---------- Provided data ----------

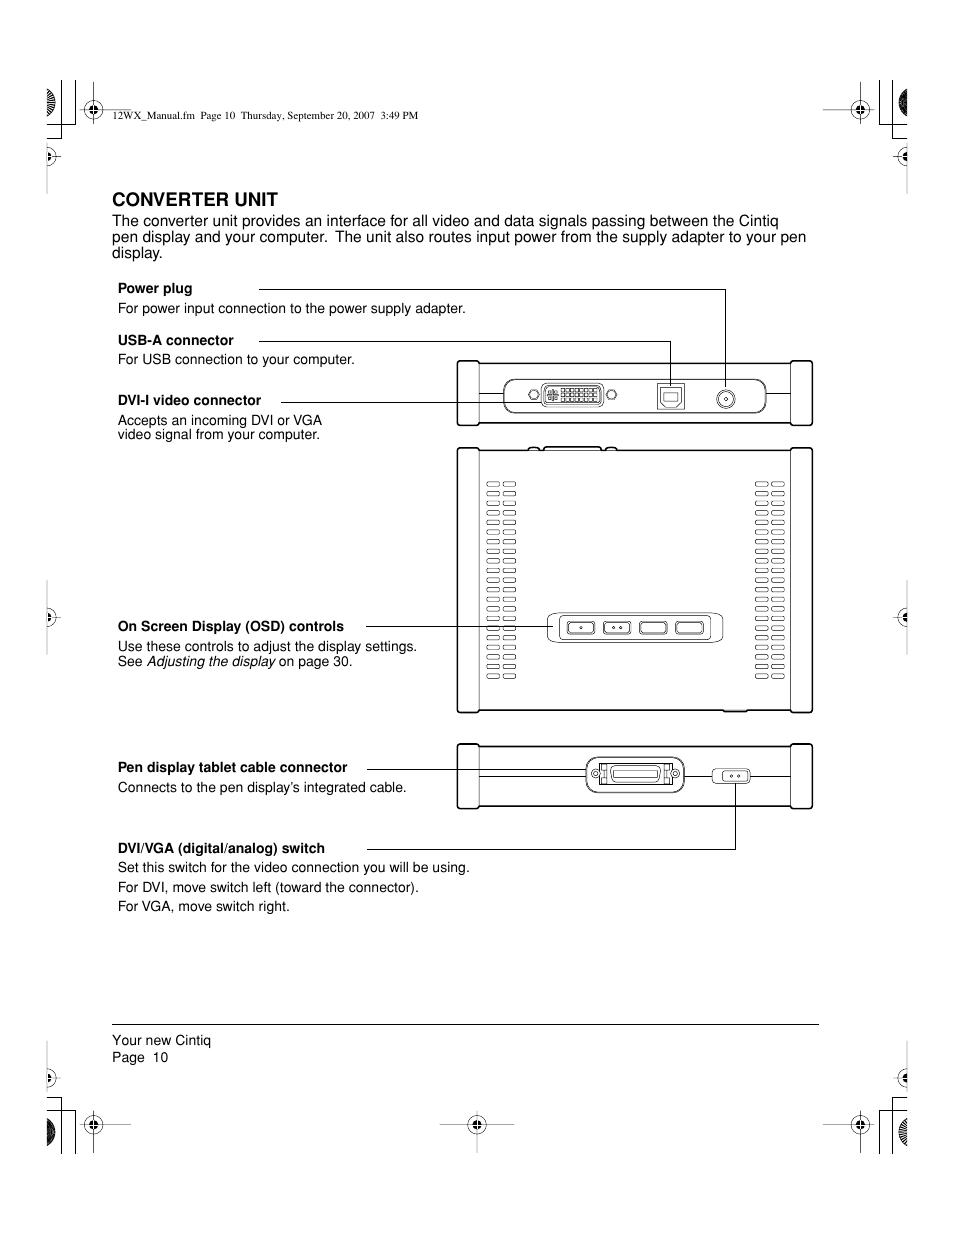 Converter unit | Wacom Cintiq DTZ-1200W User Manual | Page
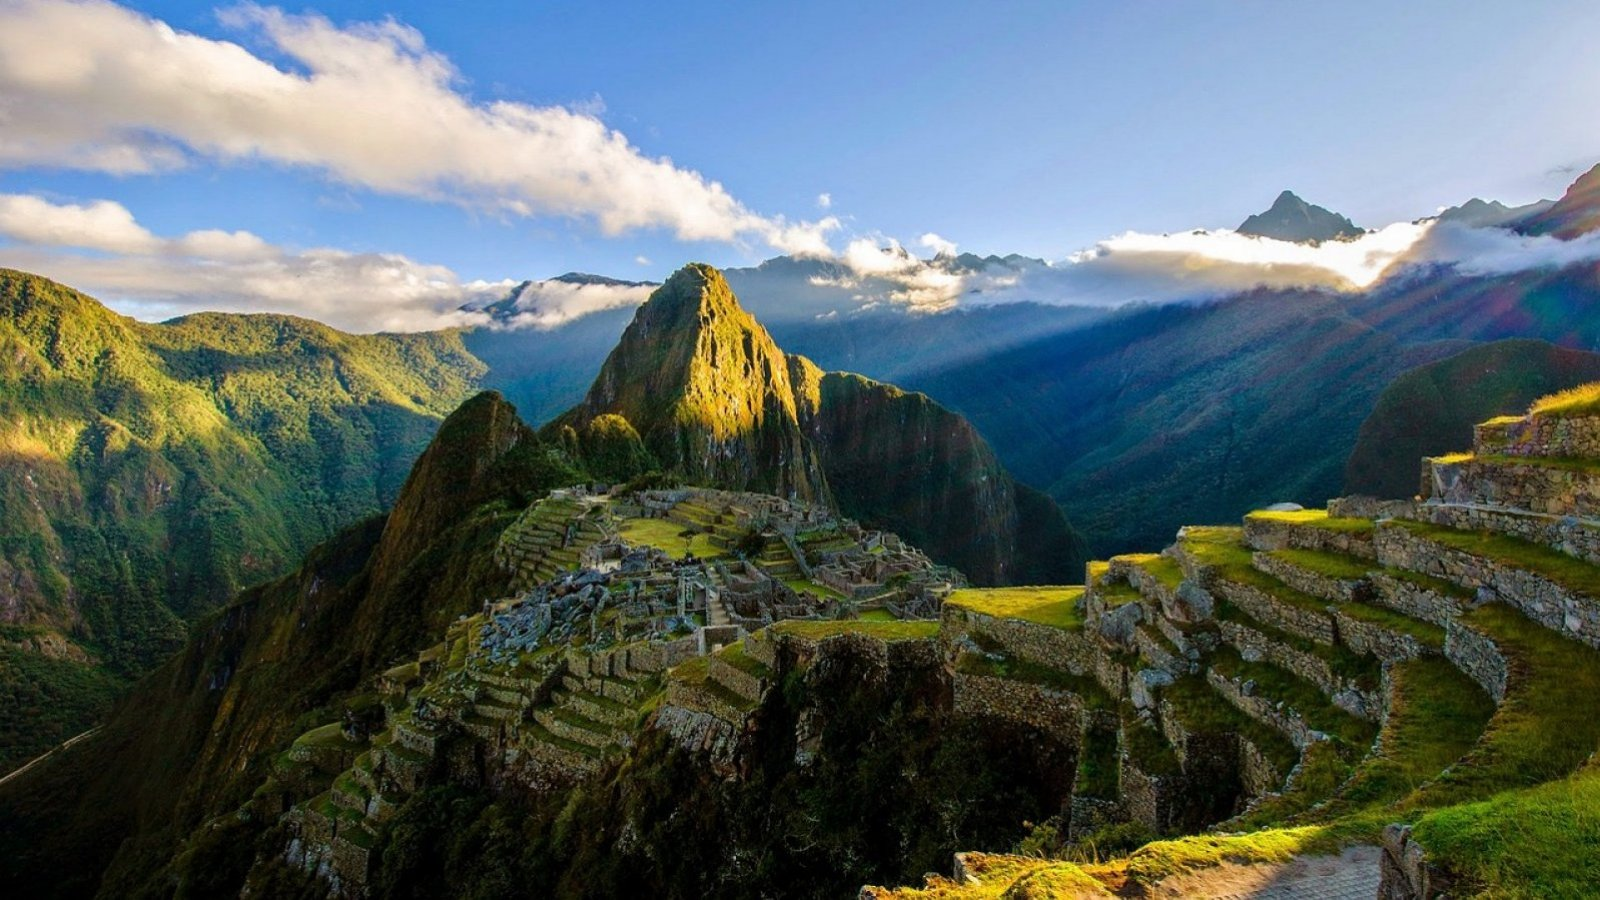 Vistas del Machu Picchu, en Perú.
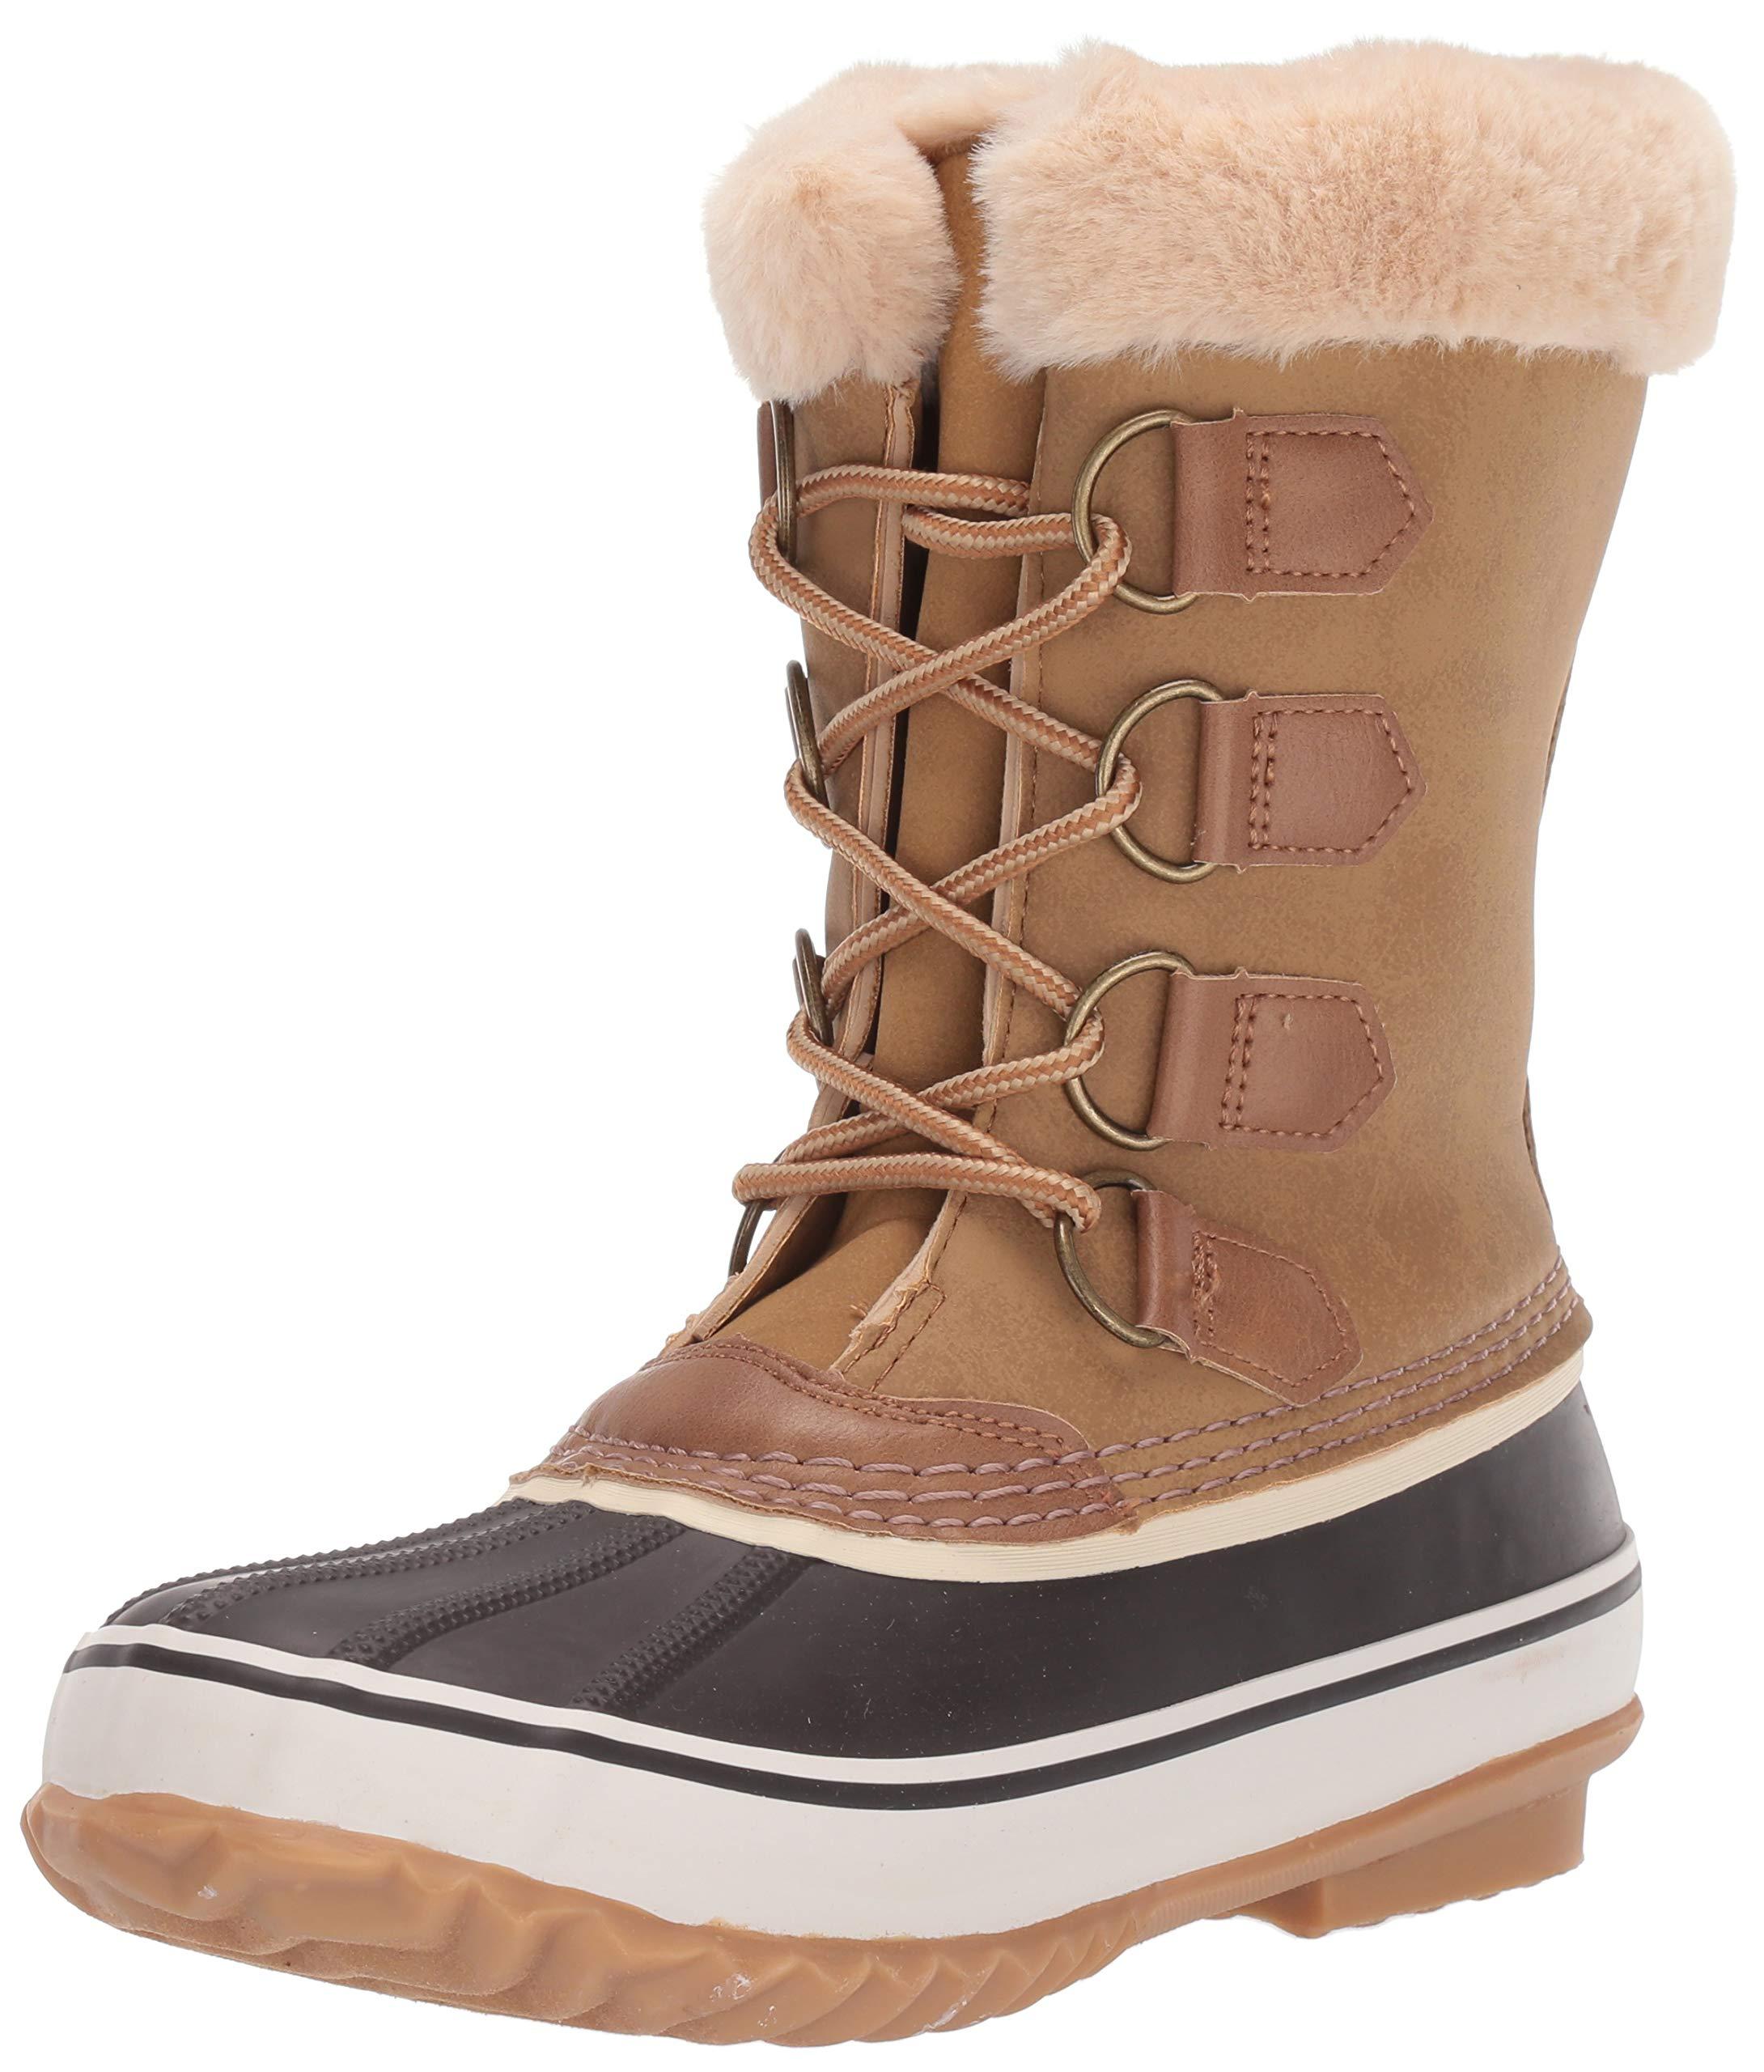 JBU by Jambu Women's Rainey Weather Ready Snow Boot

----------

▶ Task instructions: Transcribe the listing in full. Leave the pictures out.

▶ Answer to this problem:
 Converter unit | Wacom Cintiq DTZ-1200W User Manual | Page
 Vistas del Machu Picchu, en Perú.
 JBU by Jambu Women's Rainey Weather Ready Snow Boot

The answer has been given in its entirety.